Descubre sus encantos Sara Montiel. Pide mano inocente para bajar de la tarima. Se ofrece un voluntario con rapidez. Y ella: «¿De dónde eres, encanto?» El: «Soy aragonés.» Sara-Sarahay: «Brutito mío, toma, guárdame ese plumón. » Se lo guarda el maño, tras esbozar con elocuencia muda un gesto obsceno de superdotado o presuntuoso. Sara se fija en otro admirador: «Hola, guapísimo.» Tímida voz: «Gracias.» Réplica pecadora: «No, chato, dáselas al fijador.» Viene ahora hasta aquí. Se sienta en las rodillas de uno de los árbitros canarios. Nos mira a los tres; musita: «Hola, aquí pasa algo. Tres bigotes. O sea, vosotros, digo, que a mí me da que sobra uno o falta otro.» El árbitro responde: «Falta José María García. Le dio vergüenza venir.» Y ella, imperturbable: «Pues dile que se crezca en valor, que ya no es hora de tener vergüenza.» Y enlaza al vuelo: «Ni mis admiradoras tienen ya vergüenza. Por eso me escriben y me preguntan: "Sara, mujer, ¿es verdad que a una hija adoptiva se la puede querer tanto como si se la pariera?" Y yo respondo: "Pues claro, mujer, pues claro." Y es que no acaban de darse cuenta de que estoy enchochadísima ... » Aplausos.

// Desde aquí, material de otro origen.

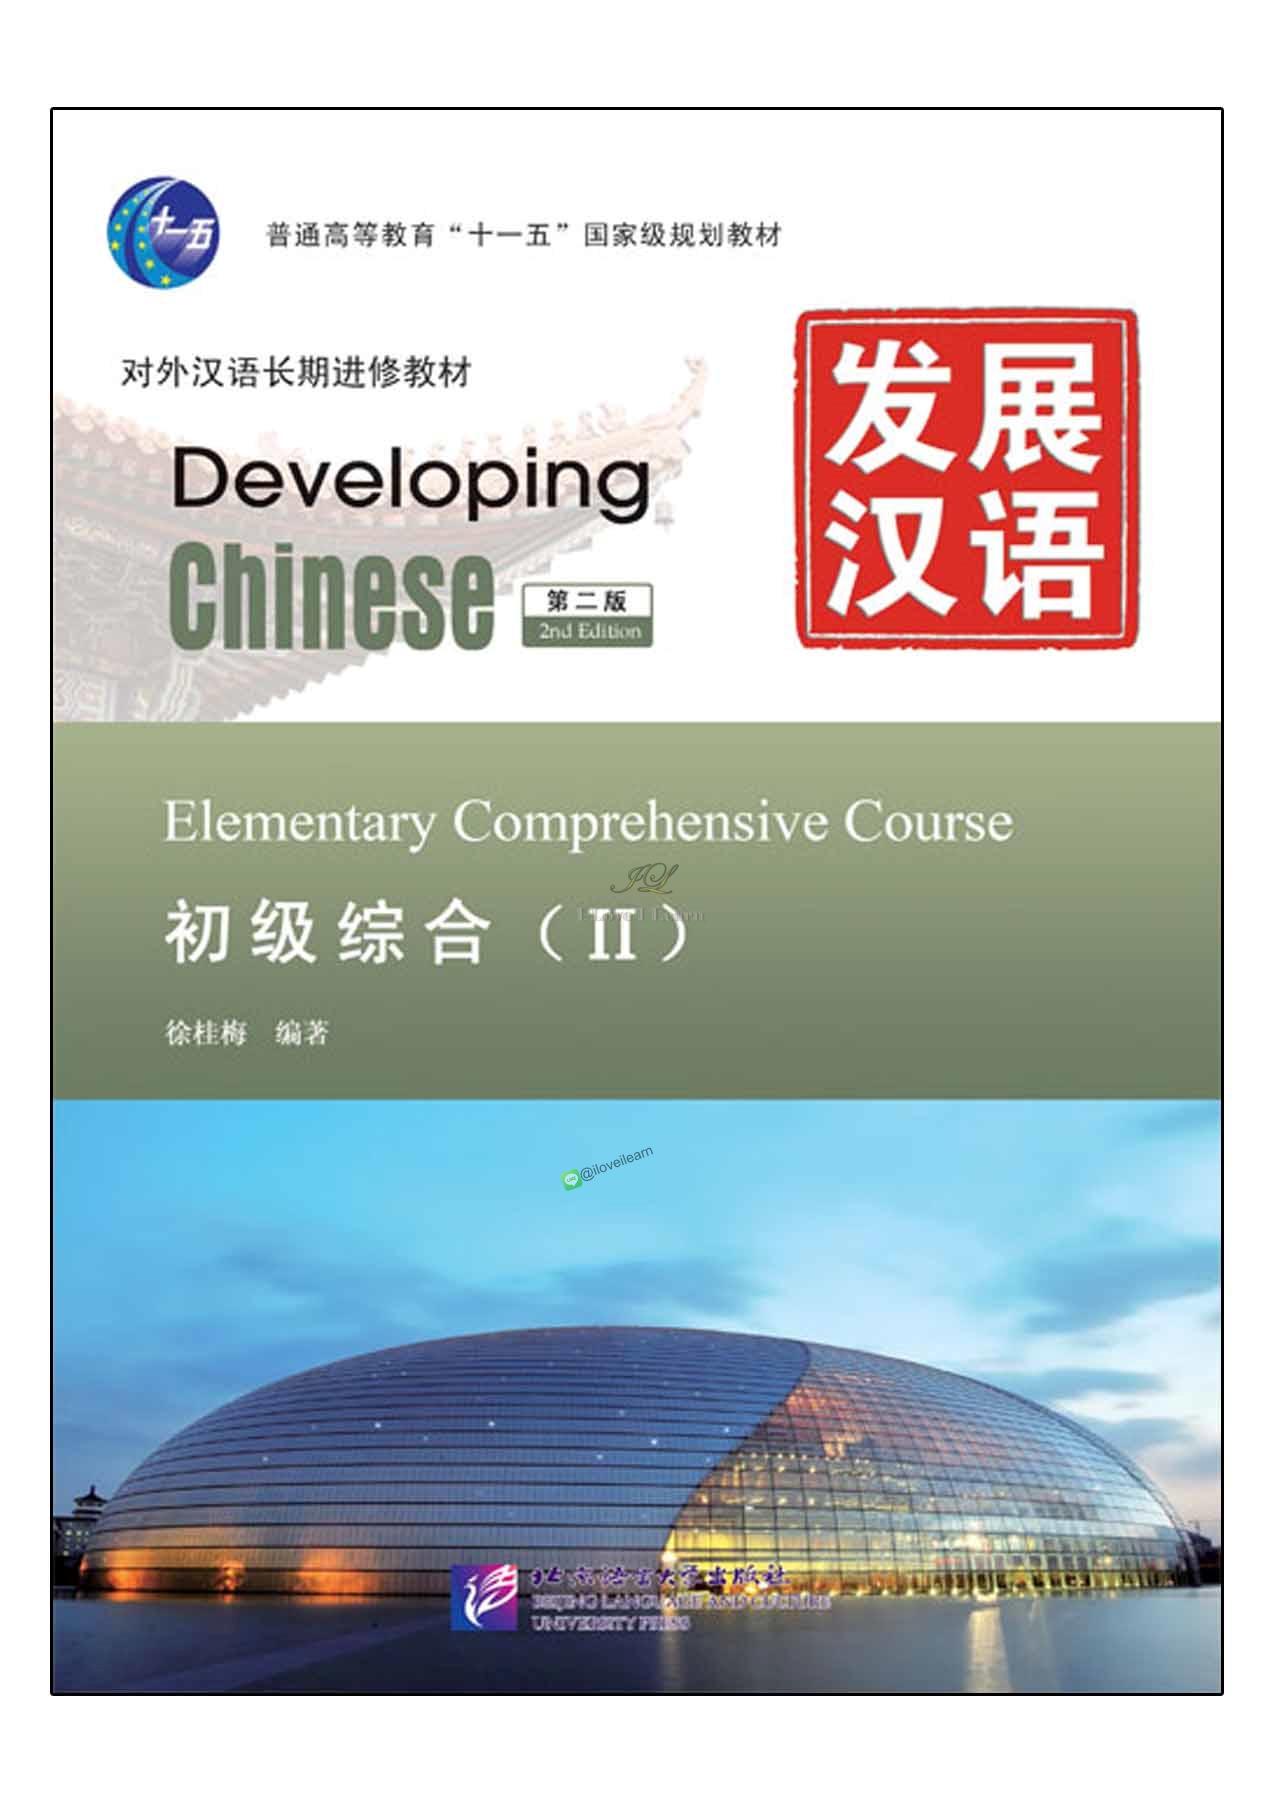 ตำราเรียน Developing Chinese (2nd Edition) Elementary Comprehensive Course Ⅱ+MP3 Developing Chinese (2nd Edition) Elementary Comprehensive Course Ⅱ+MP3 发展汉语（第2版）初级综合（Ⅱ）（含1MP3） แบบเรียนภาษาจีน ยอดนิยม

Disfrutamos del despuntar del día tomando chocolate con churros en San Ginés. A estas horas, Javier Marías, aquejado de la dificultad de ni siquiera en sueños ser, debe de estar tachando del mapamundi familiar los nombres pueblerinos que no lindan con Oxford, Jena o Venecia. Eso sí, sin ímpetu, sin medios, sin fogosidad, sin control ni ambición. De casta, iay!, le viene a ese castizo que se disfraza ahora de metafórica orfandad.